Gibraltar’s dozens of online gambling firms remain in a holding pattern, waiting as the Court of Justice of the European Union [CJEU] continues its consideration of the UK protectorate’s desire to be treated as a “single party” under EU law, and thus separate from the United Kingdom in matters of trade with the rest of EU, particularly as it relates to online gambling and sports betting.
The latest appeal to the CJEU was approved for review by that international body last month, though a ruling on the matter won’t likely be issued for several more months. It’s a vital issue for both Gibraltar and the many online books and casino sites that call the promontory their home. Since Gibraltar, home of the famed “Rock” at the mouth of the Mediterranean Sea, opened its virtual doors to the online gaming industry a decade ago, the revenue generated from those firms accounts for a full quarter of Gibraltar’s entire GDP.
The ongoing fight now involves two separate prongs. First, there’s the long-running battle between Gibraltar and the UK over the 15% “point of consumption” [POC] tax implemented by the UK, which applies to online gambling. That’s the levy that many of the firms now operating from Gibraltar moved there (from the UK) to avoid.
Last year, the CJEU ruled in favor of the UK’s levy, codified as changes to the country’s Gambling Act. However, this year’s more recent “Brexit” referendum by the UK to leave the European Union has complicated the matter further. Gibraltar’s citizens voted to remain part of the EU by a wide margin, but were overwhelmed, as were the “stay” majorities of Northern Ireland and Scotland, by the much larger pro-Brexit populaces of England and Wales.
That Brexit vote, as surmised, has further thrown Gibraltar’s political future into at least a bit of uncertainty. The little promontory is already a disputed territory — it’s also claimed by Spain — and even though its citizens have full UK voting rights, the territory never has been a full part of the EU. Gibraltar has never been part of the EU’s Schengen Area, which defines the EU’s main European trade area, and it is also not subject to the hated VAT assessments that come into play in other jurisdictions.

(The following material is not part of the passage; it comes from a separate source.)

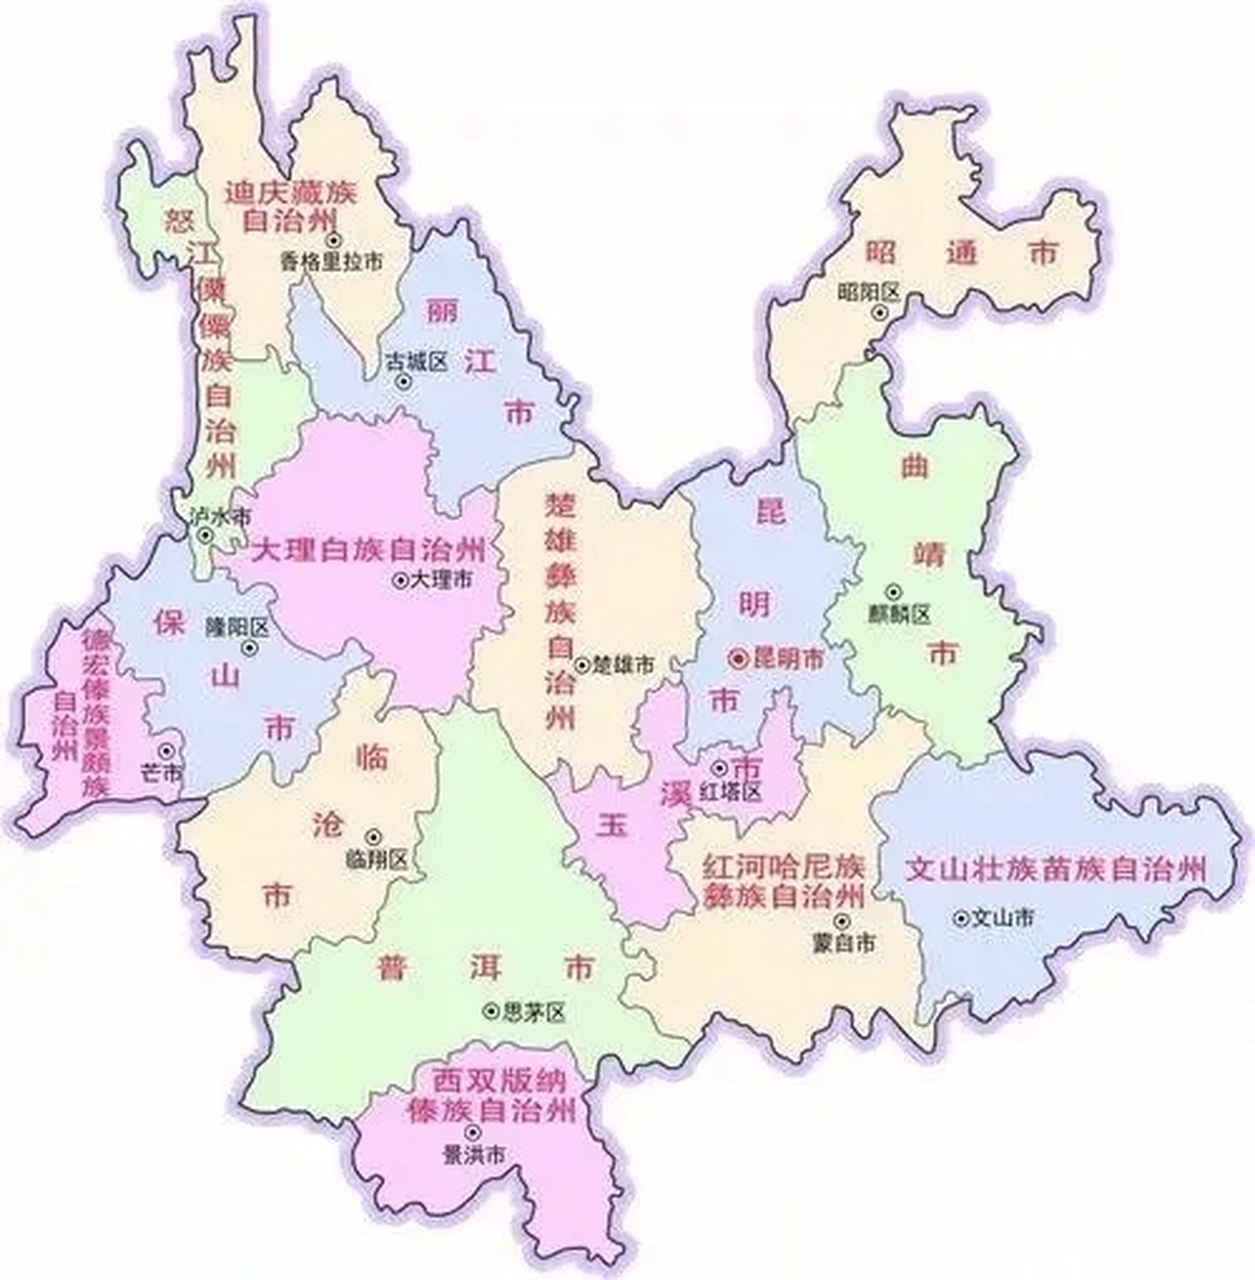 云南省行政区划遐想: 一,楚雄直接把自治州撤掉,从楚雄市和南华县划出

Yet exactly what Gibraltar is, is now unclear, and that’s part of what the CJEU must decide. To a certain extent, Gibraltar wants to have its cake and eat it, too. Relying on a highly technical interpretation, Gibraltar’s largest online-gaming trade organization, the GBGA [Gibraltar Betting and Gaming Association], will argue that the UK’s 2014 changes to the Gambling Act, especially that 15% POC tax, is in effect “an unlawful restriction on the supply of services to the UK.”
The GBGA, with Gibraltar’s full backing, is arguing that the unique nature of Gibraltar’s political status makes the POC implementation unlawful under Article 56 of the TFEU, the Treaty on the Functioning of the European Union. Without getting too technical here and delving into legalese, that argument seems to beg a larger point. It seems unlikely that the CJEU or any international body would approve any tax exemption simply on the nature of a jurisdiction claiming to be “special”. Further, Gibraltar’s unusual status as a unique EU territory is due largely to its status as a UK protectorate, the other benefits of which the GBGA and its member firms may end up nullifying as they seek to avoid the POC levy.
It’s a tightrope act, and high winds are blowing. It seems unlikely that the GBGA can prevail on both sides of its argument, and that will throw the long-term future of Gibraltar as an online-gambling hub into doubt. It’s Gibraltar itself that will take the direct blow, if the GBGA, as expected, loses this new claim. The GBGA’s member firms will likely just move on to another EU-accessible jurisdiction. As we surmised some months ago, Malta may well had that list, and the island may emerge in the coming years as Europe’s true online-gaming and sports-betting home.